Configuration of the CICS region
There are many configuration parameters for CICS and the value for each can be modified to achieve a specific effect.
Simulated clients
The number of simulated clients, their method of communication with the CICS regions under test, and the rate at which requests are sent to the CICS regions can be varied to affect the behavior of a workload.
2.2 Workload design
Performance test workloads that are developed by the CICS TS performance team are deliberately lightweight; that is, workloads have little business logic. The phrase business logic refers to language constructs that serve only to manipulate data according to business rules, rather than the workload logic that is used to control program flow between the application and the CICS TS environment.
The CICS TS performance team specifically target the discovery of performance problems in the CICS TS runtime code, and having lightweight applications maximizes the visibility of any potential problems at the time of development.
The use of a transaction from the data system workload (DSW) as described in 3.2, “Data Systems Workload” on page 22, helps you understand why minimizing business logic is important. Consider the following coding scenarios for the application:
A minimal business logic case with a total transaction CPU cost of 0.337 ms and consisting of the following values:
 – 0.322 ms of CPU for calls into CICS
 – 0.015 ms of CPU for business logic
A more heavyweight business logic case with a total transaction CPU cost of 1.500 ms and consisting of the following values:
 – 0.322 ms of CPU for calls into CICS
 – 1.178 ms of CPU for business logic
In both cases, the amount of CPU consumed by the CICS TS code to complete the CICS operations that are required for the workload is equal to 0.322 ms.

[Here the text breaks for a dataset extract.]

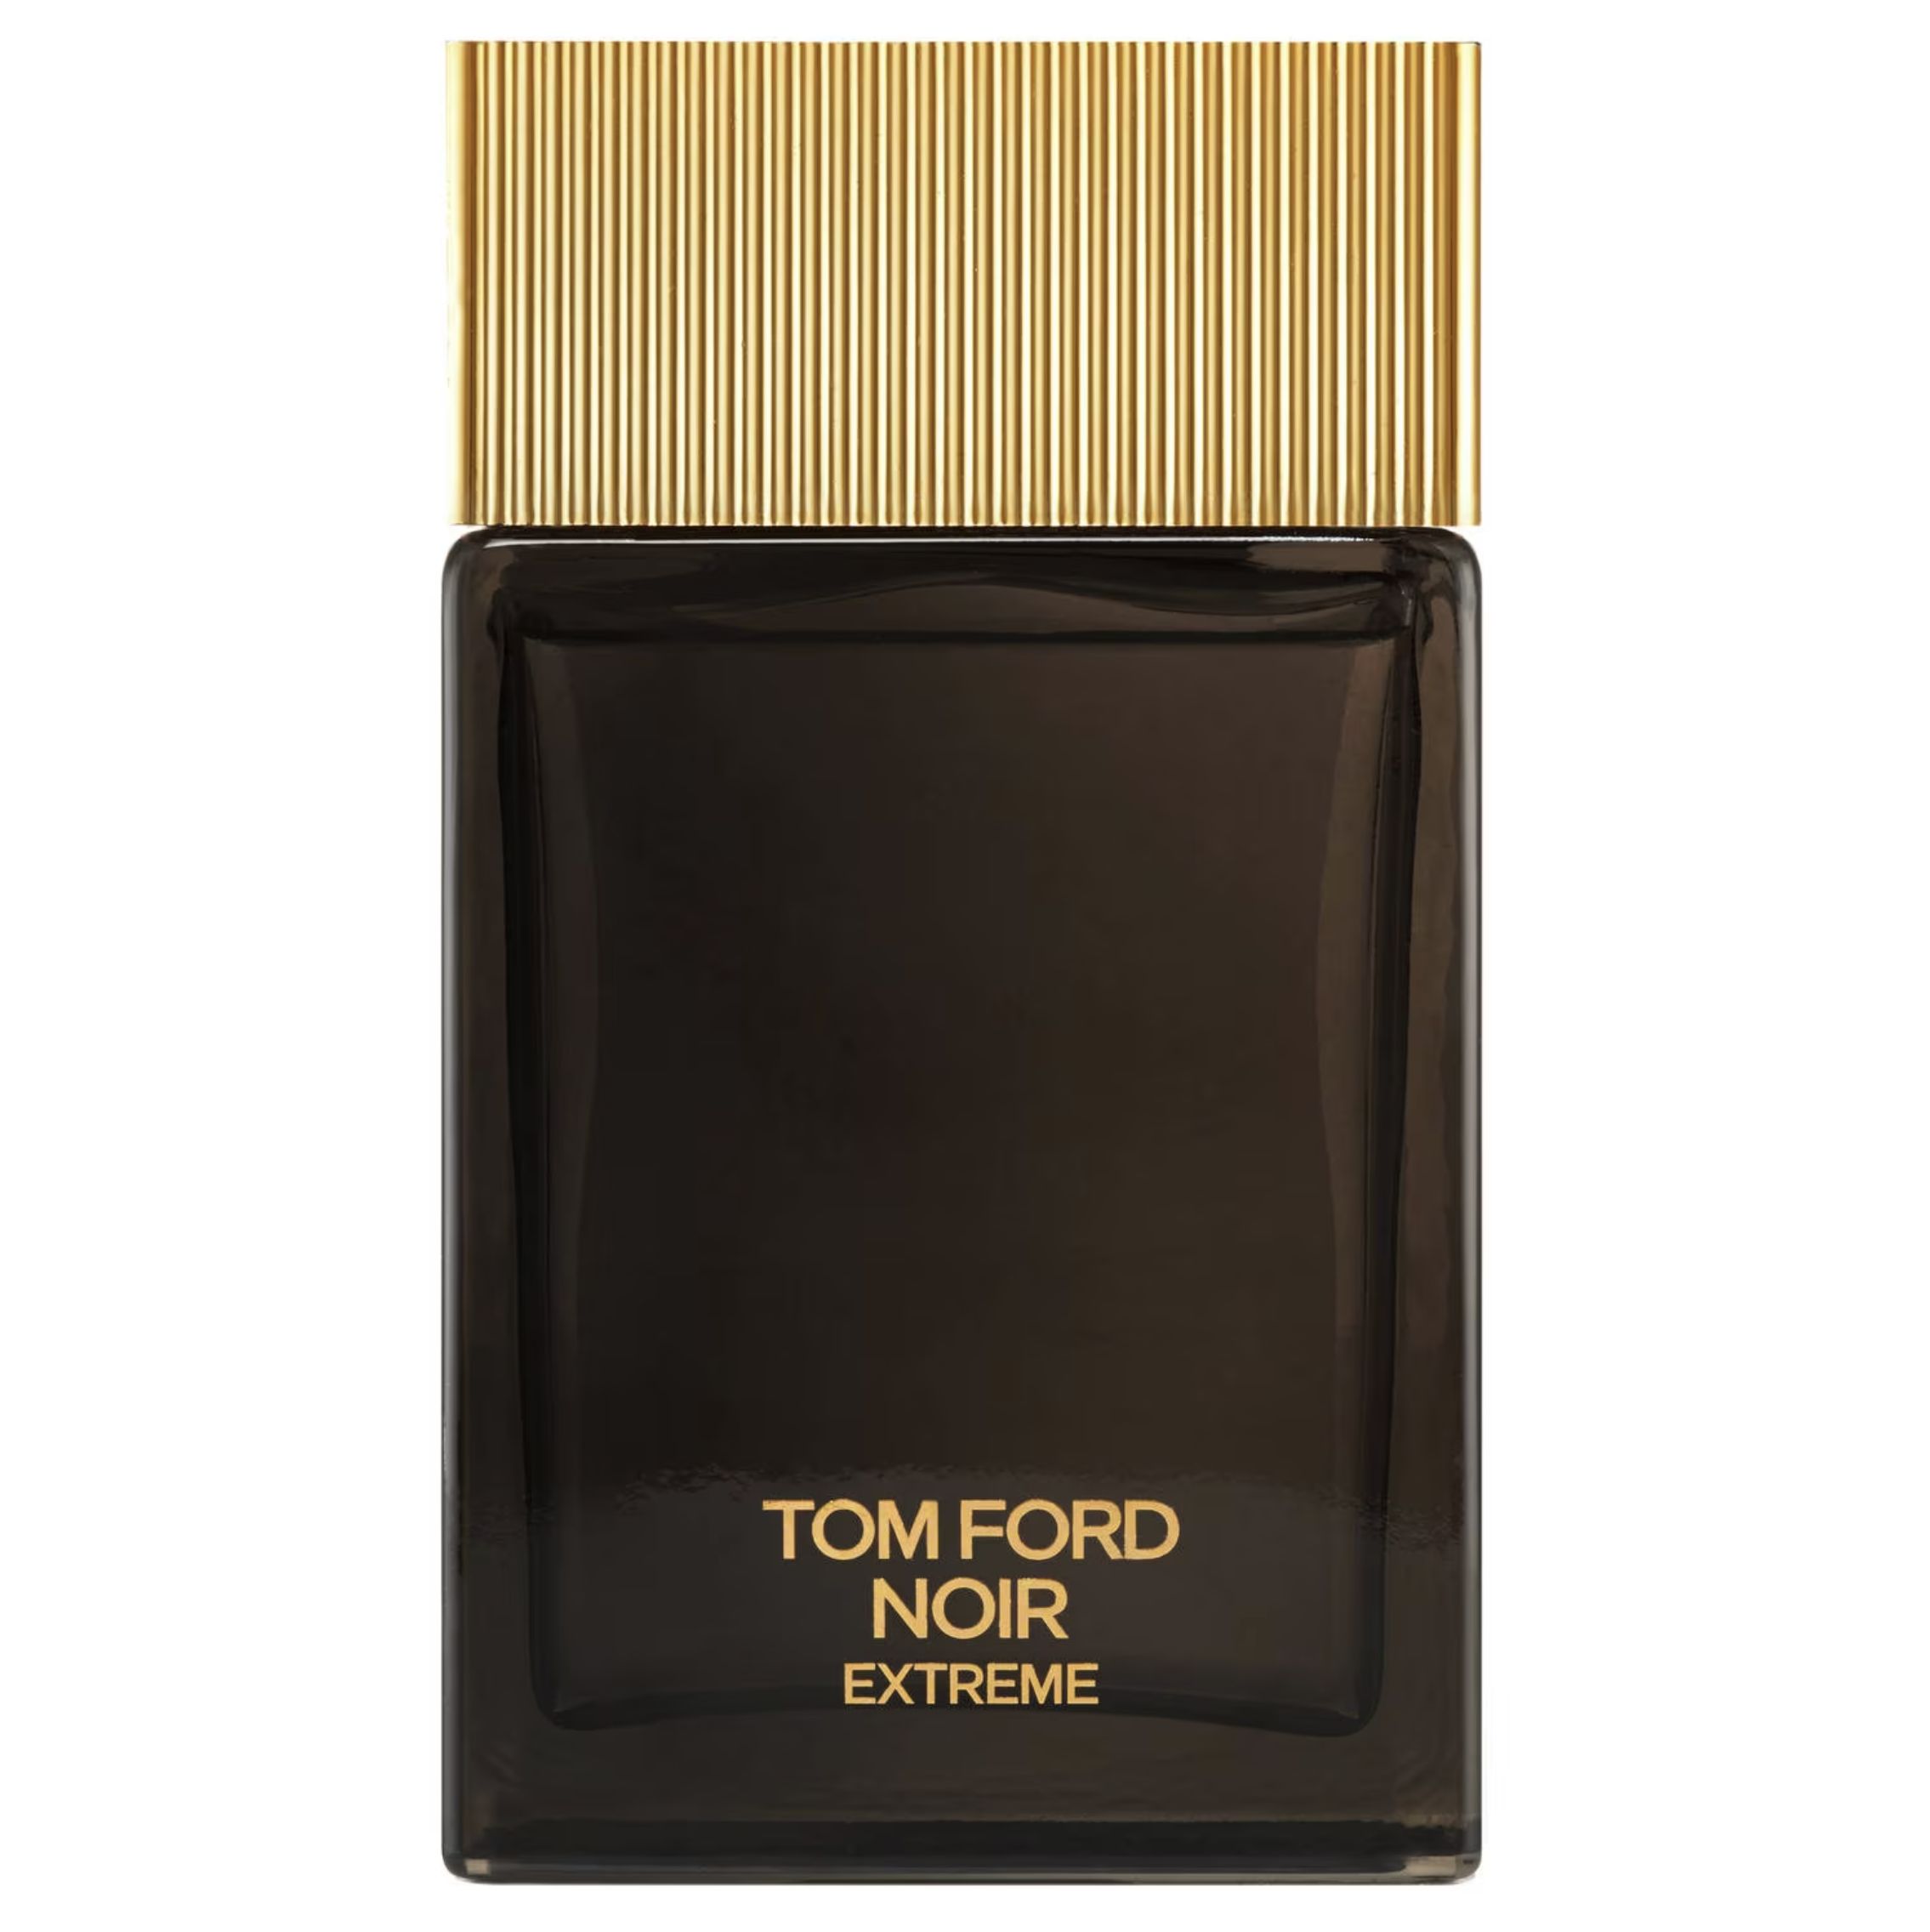 Tom ford купить мужские. Tom Ford Noir extreme 100ml. Tom Ford Noir extreme 100ml EDP. Tom Ford Noir men 100ml EDP. Tom Ford Noir 100ml EDP.

Now consider the example where a change in the CICS TS product during the development phase inadvertently introduces a CPU overhead of 5 µs for each transaction. With the workload in the first scenario (which contains a minimal amount of business logic), the total transaction cost increased from 0.337 ms to 0.342 ms of CPU, an increase of 1.5%. With the workload in the second scenario (which contains significant business logic), the total transaction cost increased from 1.500 ms to 1.505 ms of CPU, an increase of 0.3%.
Although techniques that are used to minimize variability in performance test results are described in 2.3, “Repeatable measurements” on page 13 and 2.6, “Collecting performance data” on page 18, you should note that only a finite level of accuracy in terms of performance test results are achievable. By following leading practices in the CICS TS performance test environment, experience indicates that an accuracy of approximately ±1% can be achieved. The use of coding in the first scenario resulted in a relative performance change (1.5%), which is greater than the measurement accuracy. The small performance degradation was detected and the defect can be corrected.
Minimizing the amount of business logic in the test application maximizes the relative change in performance for the whole workload for any specific modification to the CICS TS runtime code. By using this worst-case test scenario approach, the performance test team can be confident that real-world applications do not observe any change in performance behavior.
 
Observation: For the DSW, an IBM zEnterprise® EC12 model HA1 executes at a rate of approximately 1,270 million instructions per second, per central processor (CP). An inadvertent change that added 5 µs to the total transaction cost represents approximately 6,350 instructions.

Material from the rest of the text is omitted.